Opinion polls suggest Labour now has a 20-point lead over the Conservatives, while one survey last month forecast the party could lose almost 300 seats – and hold just 69 – at the next election.

The last time there was an electoral win of that scale was in 1997 when Tony Blair’s winning majority of 179 consigned the Conservatives to the opposition benches for the next 13 years.

David Davis addressing Boris Johnson during PMQs with his ‘in the name of God, go’ speech (Parliament TV)

Mr Davis says that if Mr Johnson’s “foolish pipe dream” of a return continues, history will repeat itself and the party will be in the wilderness for years.

“Boris’s old acolytes are predicting armageddon at the polls in a way that makes you think that they are wishing for it to be true,” he says.

“The continual drumbeat calling for Johnson’s return will fail, but in the process it is corroding the party’s chances at the next election.

“It is entirely within the reach of a quietly competent Sunak government to win reelection. But if Boris’s foolish pipe dream of a resurrection continues, the same will happen again – and we will be out of power for a decade once more.”

A year ago this week Mr Davis stunned Westminster when he stood up in the House of Commons and told Mr Johnson: “In the name of God, go,” over Partygate and his lack of credibility.

His call echoed words said to Neville Chamberlain shortly before he left office, to be replaced by Mr Johnson’s hero, Winston Churchill.

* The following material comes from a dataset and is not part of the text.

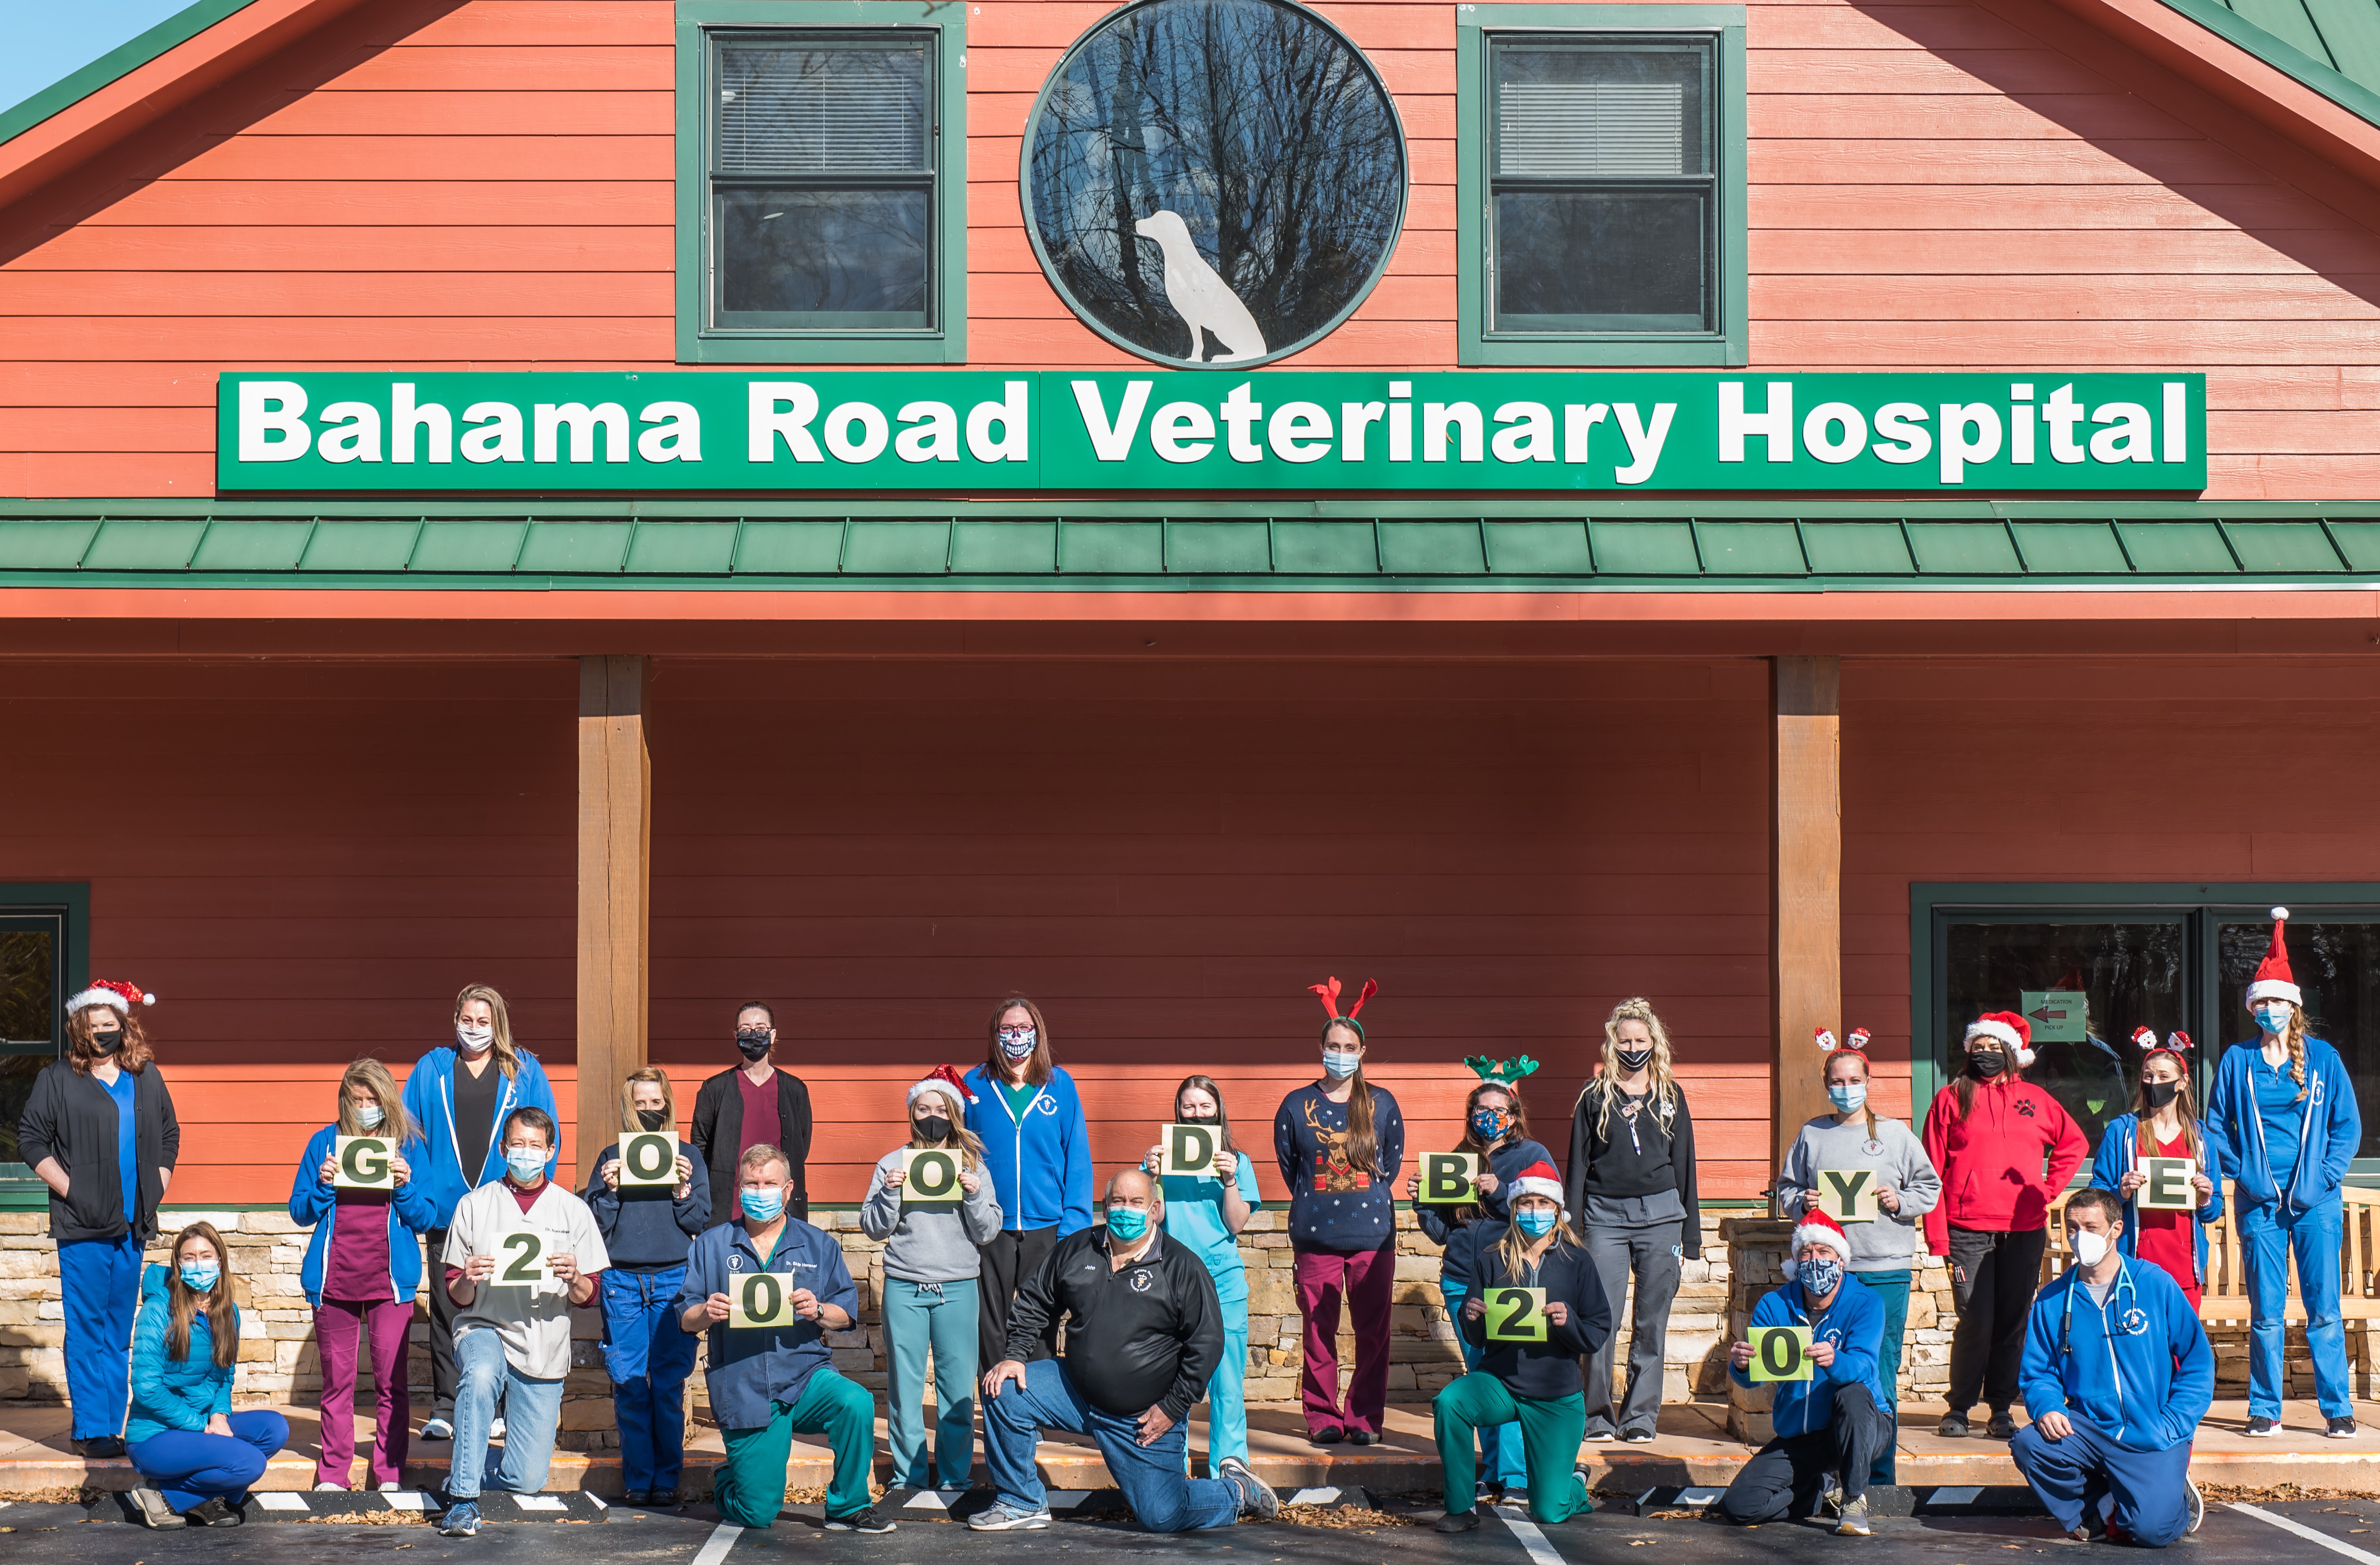 Bahama Road Veterinary Hospital staff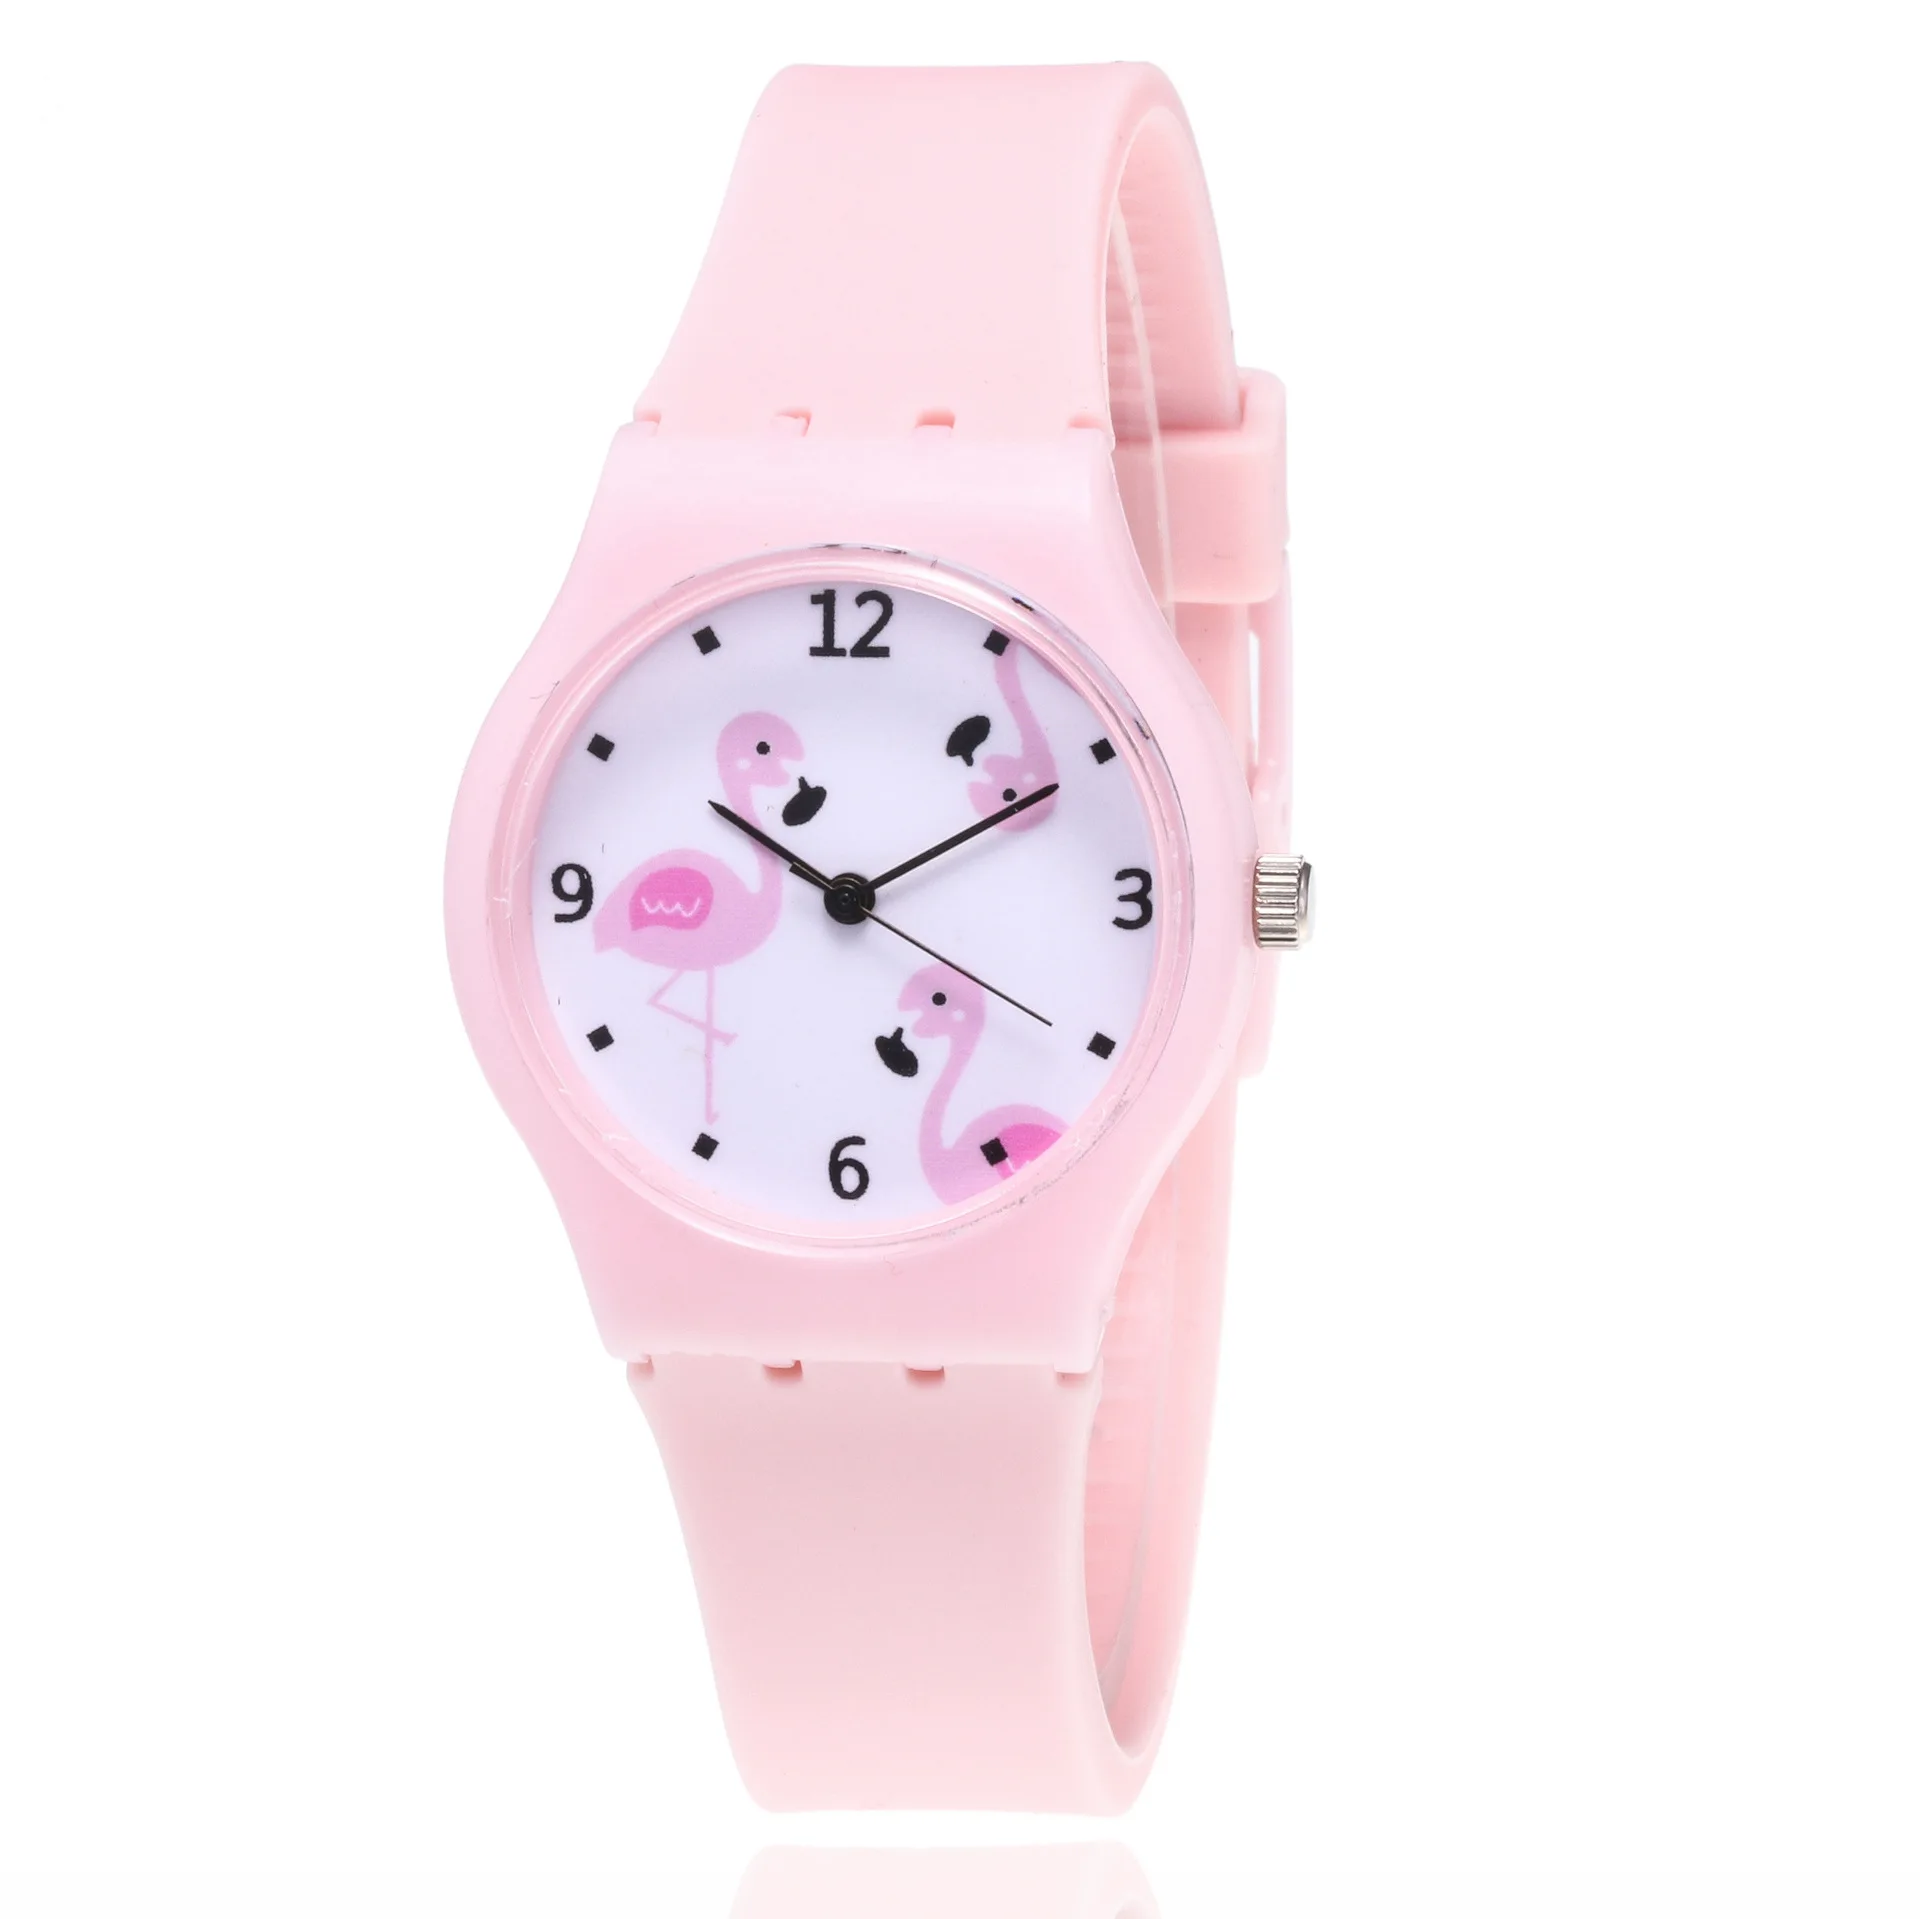 Новинка 2019 года, Модные Силиконовые кварцевые часы с фламинго для детей, студентов и девочек

Mr Davis said he expected to make enemies from his intervention but found the opposite, with a warm response from the public on his stance.

In his exclusive piece for The Independent today, he writes that the position the party is in now “is largely the responsibility of the Boris camp and its political heirs and successors”, adding how the former prime minister presided over a 10 per cent decline in the party’s ratings, before Liz Truss caused equal damage during her short tenure.

Last weekend The Independent revealed a bitter split between Johnson supporters who want to restore him as party leader with one faction pushing for power to be taken away from MPs, who ousted Mr Johnson last summer, while a second camp dismissed the idea.

Boris Johnson acolytes believe the former PM will be the ‘Conservative Harold Wilson – he will serve two distinct terms’ (UK Parliament)

His supporters predict Mr Johnson will be the “Conservative Harold Wilson – he will serve two distinct terms”. Sources close to Mr Johnson insist he fully supports the government.

But the news this week that he is writing a memoir that will include his time in Downing Street will do little to dampen speculation around his future.

Friends of Mr Johnson have suggested he may have to strike a deal with Rishi Sunak, however, and agree not to challenge his leadership in return for a safer seat at the next general election.

He is dogged by claims surrounding Parytgate ahead of next month’s inquiry and faced claims last week that he had quipped during a leaving do held at No 10 while Covid lockdown restrictions were still in place that he was attending the “most un-socially distanced party in the UK right now”.

He also faced claims that he had secured an £800,000 line of credit while prime minister, backed by a millionaire relative who wanted to run a quango.

While senior military figures criticised him over a planned trip to Ukraine, with one accusing him of “looking for publicity” in a war zone.

A spokesperson for Mr Johnson said: “Boris Johnson is fully supporting the government. Any suggestion to the contrary is untrue.”